A major reason for the relative lack of research on individual-level and contextual effects on health outcomes, especially in a UK setting, is that individual-level data is protected and aggregated area-level data are far more accessible. Studies such as the ONS-LS offer rich individual-level data that could be used for follow-up work in this area, and the ONS-LS is particularly useful in this respect due to its representativeness of the overall population [22]. In spite of this, the cohort is based on only approximately 1% of the whole population, and so when focussed to individual cancer sites, sample sizes are not large enough to consider less common cancers, nor large enough to incorporate more complex effects such as modelling non-proportional hazards for the socio-economic variables. Further work should consider ways to adapt these methods to extend the generalisability and detail of the results. Although it is possible to group cancer sites for analysis, this would need to be done with caution, since we have shown here that contextual effects can differ between cancer sites. These differences are likely to be biologically meaningful, given the disease-specific differences in screening, diagnosis, and treatment, meaning that combining cancer sites for analysis is unlikely to be appropriate.

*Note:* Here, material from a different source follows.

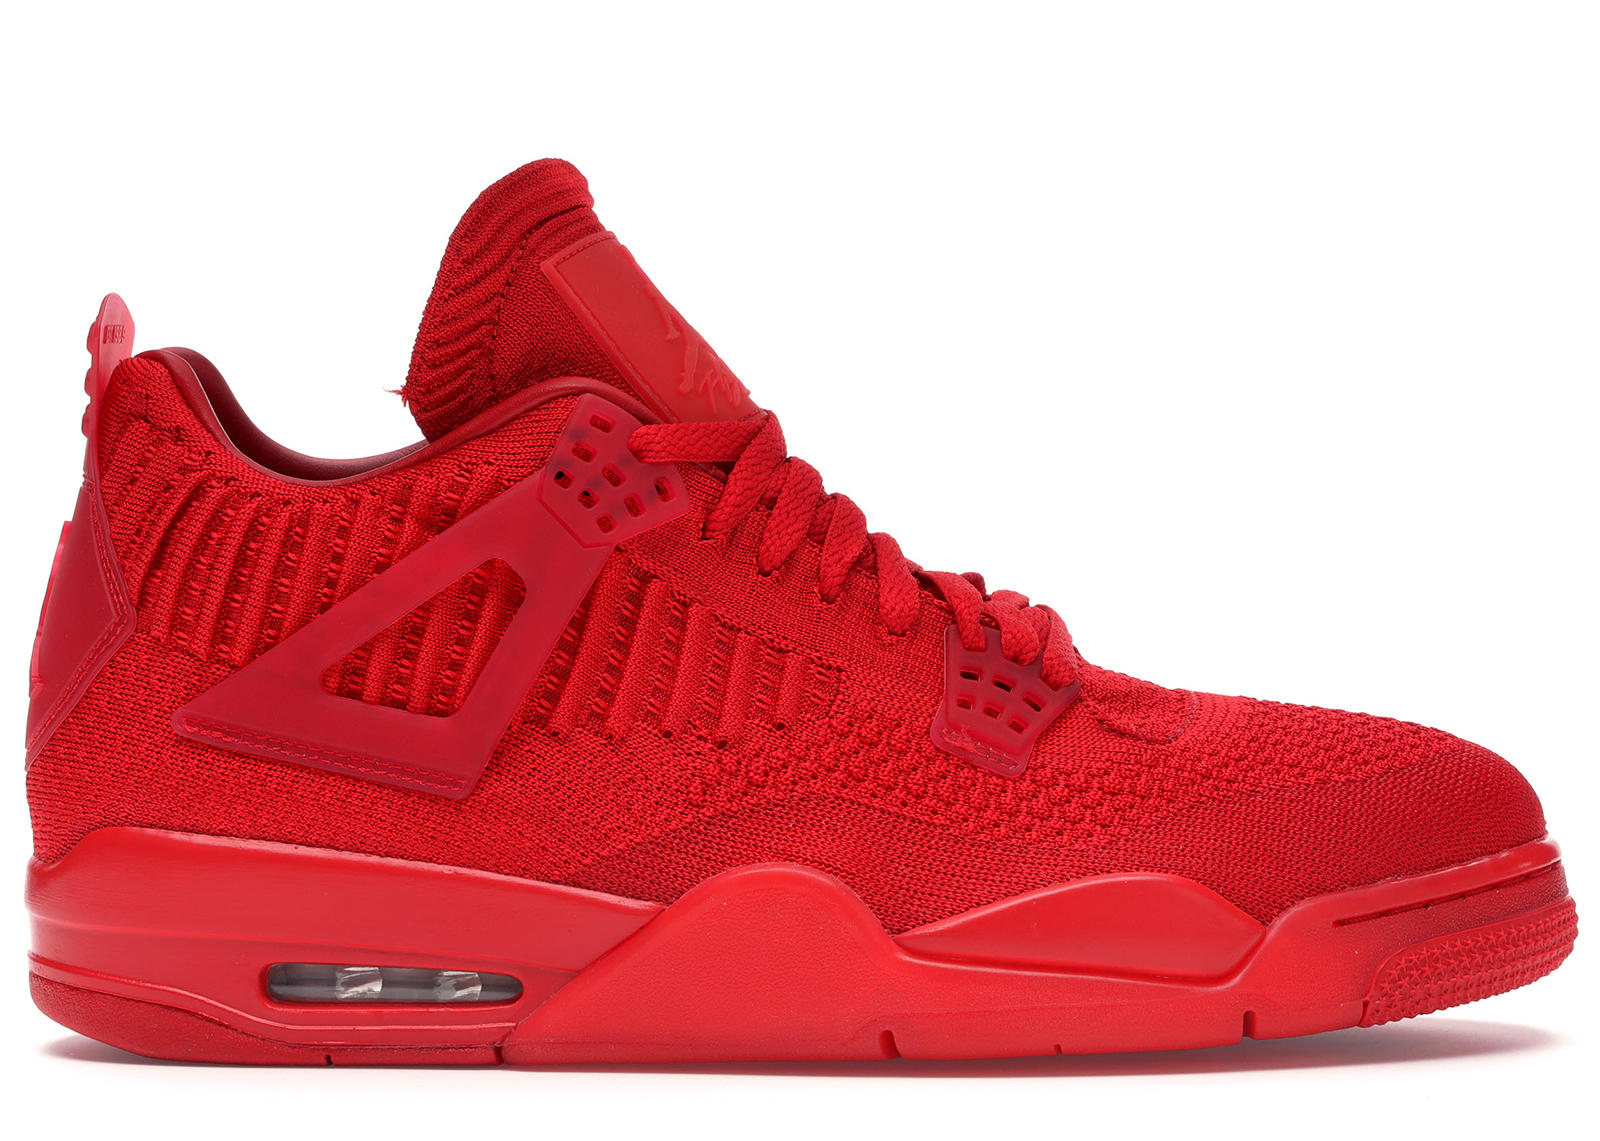 Jordan 4 Retro Flyknit Red

Contextual effects on cancer outcomes have been explored to some extent in other countries [15,16,17,18,19,20, 41]. Research in the USA has found evidence of context-specific inequalities and support for multi-level health policy interventions relating to breast, colorectal and prostate cancers [18,19,20]. These are consistent with our results for prostate and breast cancers, although we find no evidence for contextual effects for colorectal cancer in this population cohort. A study focused on prostate cancer outcomes in a Californian population found individual-level inequalities across education groups consistent with the survival disadvantage we identified here for men with school-level education, and in addition they found contextual effects of these inequalities [20]. Although our study found evidence of contextual effects across occupational types rather than educational level for men with prostate cancer, education level and occupation type are correlated so further research could explore the underlying causes of these contextual effects in more detail. Furthermore, a systematic review based on USA data highlighted the focus on common cancer sites for such analyses, reinforcing the point that there is a need for studies to be extended to consider contextual effects for less common cancers [19].

Conclusions

In summary, this study has given novel insight into the complexities of socio-economic inequalities in cancer outcomes by identifying individual-level socio-economic inequalities alongside context-dependent effects for major cancer sites in a UK population setting. Our results lend support for health policy that considers both area-level and individual-level interventions, as well as taking context into account. For example, individuals with low education level may struggle more than others to navigate the NHS system smoothly and to understand the different treatment options due to poor health literacy. For occupation, job constraints such as working hours or inability to take paid sick leave could also influence and drive inequalities. These elements should not be forgotten when health policies are decided, and such policies should not be based on area-based measures of deprivation alone. That particular indicators of individual or contextual deprivation appear to impinge on very specific cancers points towards avenues of research which might lead to a fuller understanding of why certain groups experience poorer outcomes than others. Finally, our work also supports the view that practitioners should not rely only on postcode if looking for social determinants of health [42].